Het begin leek heel mooi, doch de volgende week werd het anders. En nu is dít de zaak: de beide voorlaatste [hervormde] predikanten, Rooseboom en Douwes (orthodox), hadden te Anloo toen een zondagsschool opgericht, waar de kinderen van Anloo, Annen én Gasteren kwamen, verre boven de honderd; doch daarna kwam er te Anloo een moderne, ds. Buiskool, welke het werk der zondagsschool al spoedig liet glippen en dit werk opdroeg aan het hoofd van de school, de heer Veltmeijer. Zélf ‘modern’ kan het natuurlijk niet anders of ook de zaden des ongeloofs werden rijkelijk in de jeugdige harten gestrooid. Nu had de genoemde heer V. de kinderen der zondagsschool zes weken vakantie gegeven en juist tóen ben ik te Gasteren begonnen. Doch de eerste schooldag, 22 juli, was de heer V. reeds bekend met het oprichten mijner zondagsschool en het gevolg was dat hij de kinderen die in het vervolg weer bij míj kwamen, geen onderwijs op [zíjn] zondagsschool [meer] kon of wilde geven; bovendien waren dan ook hun centen weg, die door de kinderen de laatste weken [naar de zondagsschool van V.] waren meegebracht en zij dus nooit meer gelegenheid zouden hebben [daar] kerstfeest te vieren”. Want de kinderen keken zonder uitzondering met groot verlangen uit naar het jaarlijkse kerstfeest!

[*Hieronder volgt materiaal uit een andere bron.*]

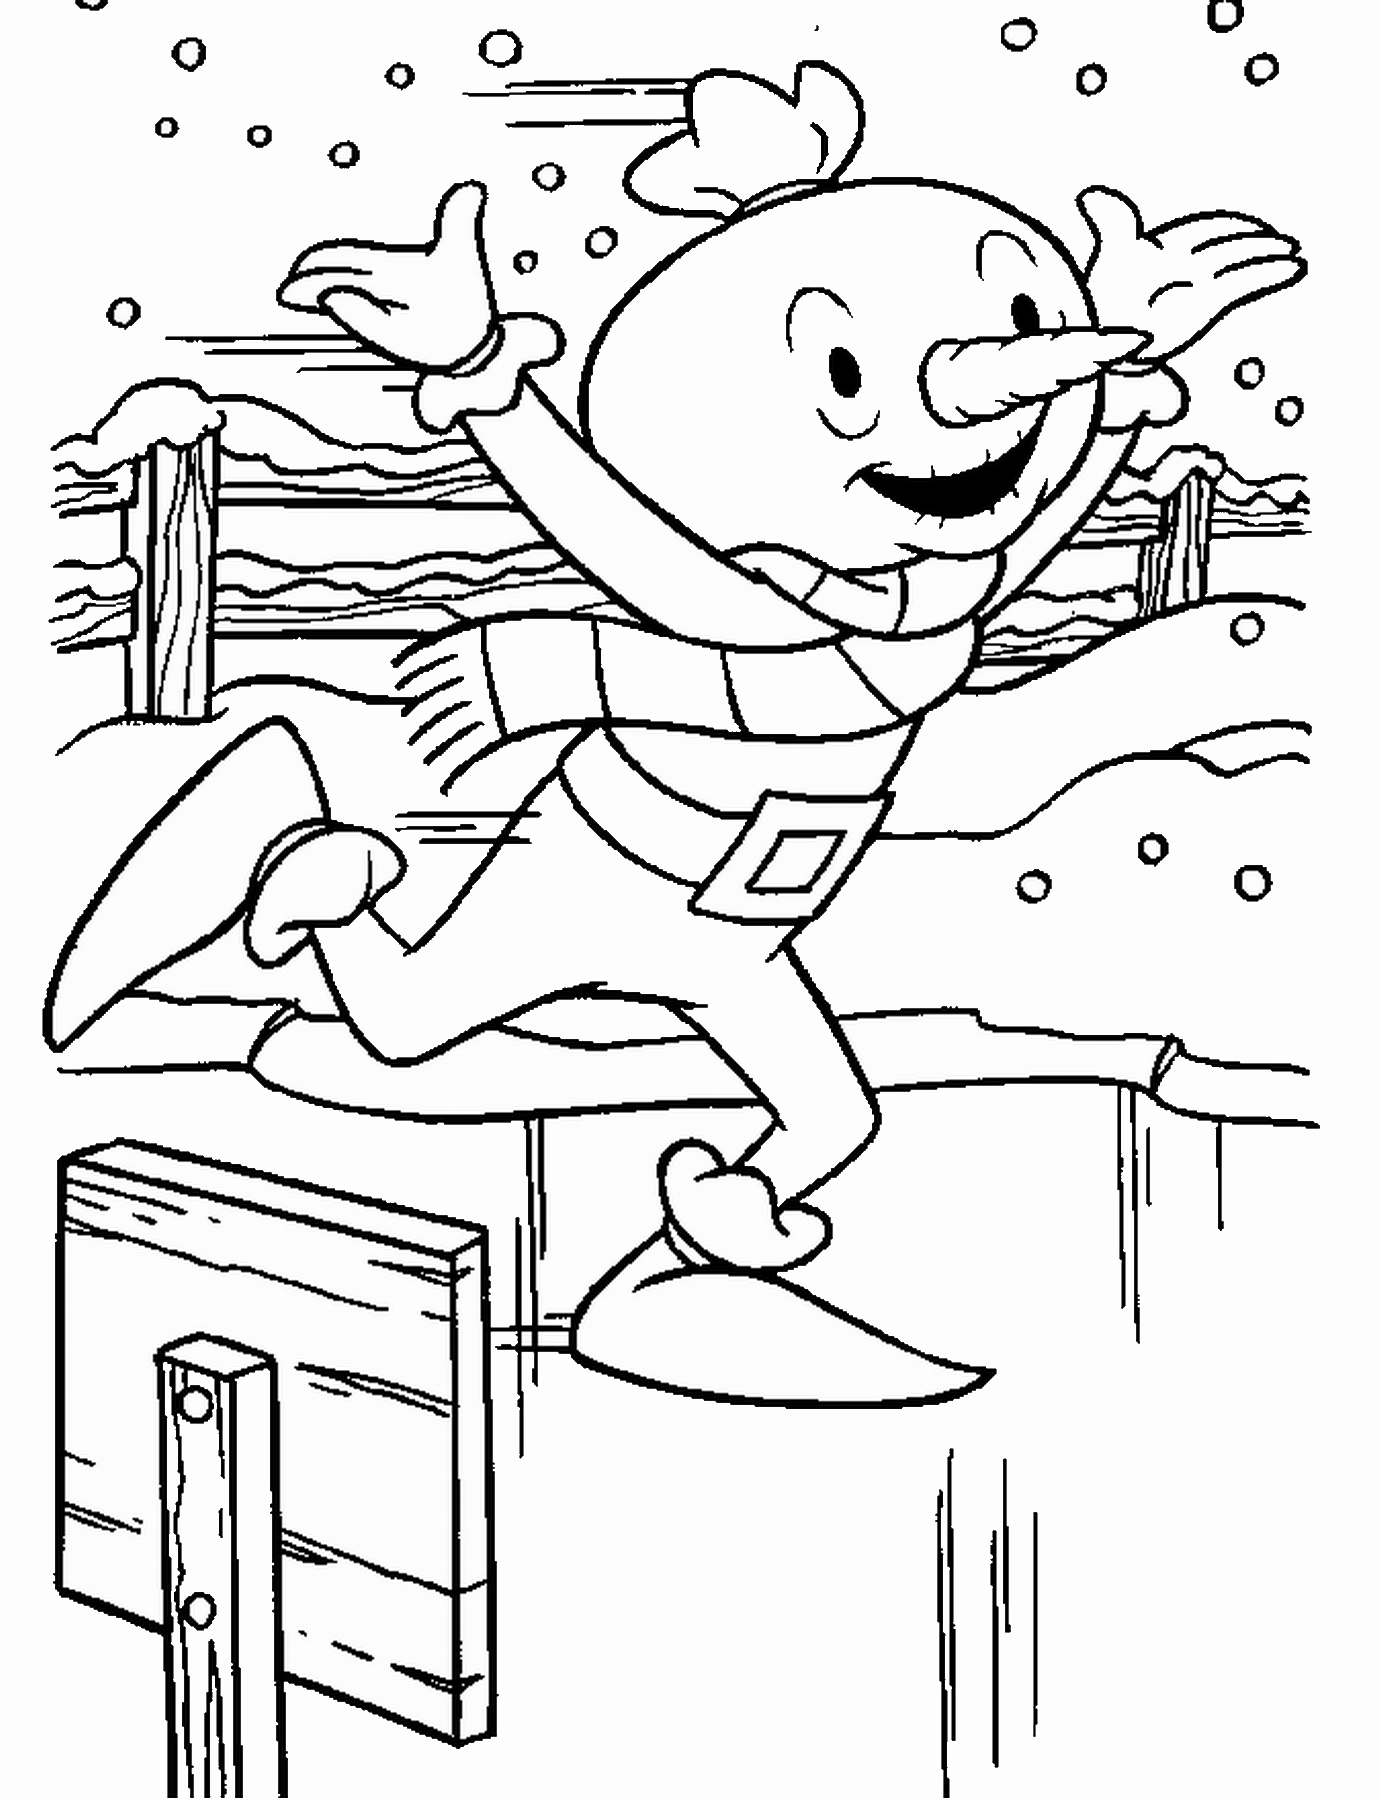 Bob the Builder Coloring Pages TV Film bob the builder_29 Printable 2020 00979 Coloring4free

“Uit haat en vijandschap is dan ook de heer V. weer dadelijk begonnen zondagsschool te houden. Toen ik dan ook l.l. zondag te Gasteren kwam, was het getal kinderen tot zestien geslonken. (…) U ziet hier ook weer kennelijk vóor of tégen Christus: het Rijk van Koning Jezus óf van Satan. De kinderen te Gasteren vallen me echter niet tegen wat orde en tucht aangaat, doch bijbelkennis is er hoegenaamd niets. Collecte heb ik nog niet gehouden; zoo het mij voorkomt, is dit in de eerste tijd minder gewenscht, tenzij deputaten anders mochten oordelen. In het vervolg denk ik aan de genoemde zondagsschool een bijbellezing te verbinden tegen de aanstaande herfst, wanneer er weer avonden komen na afloop van de zondagsschool (…), daar de menschen liever bij kunstlicht dan bij zonlicht willen komen, gelijk Nicodemus. De tijd welke daaraan vooraf gaat denk ik mij ten nutte te maken om de menschen op te wekken dergelijke bijbellezingen bij te wonen”.

Hoe het verder ging.

Ondanks alles ging de zondagsschool haar gang en werd deze in november 1901 door ongeveer twintig kinderen bezocht, allen van hervormde ouders. Greving: ‘Bij voorkeur houden deze ouders van míjn zondagsschool, omdat, gelijk zij zeggen, daar uit de Bijbel verteld wordt. Nu is mijn plan deze maand aldaar een bijbellezing [voor volwassenen] te openen, waarmee ik de menschen reeds in kennis heb gesteld. Ook denk ik alsdan het uur der zondagsschool te veranderen [net als te Anloo] en in plaats van drie uur gelijk tot dusver, een uur later, om vier uur, te houden, om langs dien weg meerder kinderen te krijgen daar zij dan van [de school te] Anloo terug zijn. Genoemde bijbellezing zal ik dan aldaar moeten houden na afloop van de zondagsschool, bijvoorbeeld om 6 of 7 uur’.

Er kwamen ook kinderen van de openbare school te Anloo op de zondagsschool te Gasteren.
Kinderen uit Gasteren, die de openbare school te Anloo bezochten, kwamen ook op de zondagsschool te Gasteren, zeer tegen de zin van de meester…

De bijbellezingen voor volwassenen in Anloo begonnen inderdaad de 24ste november 1901. ‘Het is de lieden aldaar goed bevallen en nu is er in overleg met de menschen zelf besloten alle veertien dagen te vergaderen, des zondagsavonds 7 uur, terwijl ik vooraf zondagsschool houd’. (…) ‘Bij donkere maan blijf ik er des nachts over bij familieleden. De samenkomst bij bijbellezing aldaar wordt er niet minder op en telkens zie ik weer andere hoorders’, schreef Greving in januari 1902.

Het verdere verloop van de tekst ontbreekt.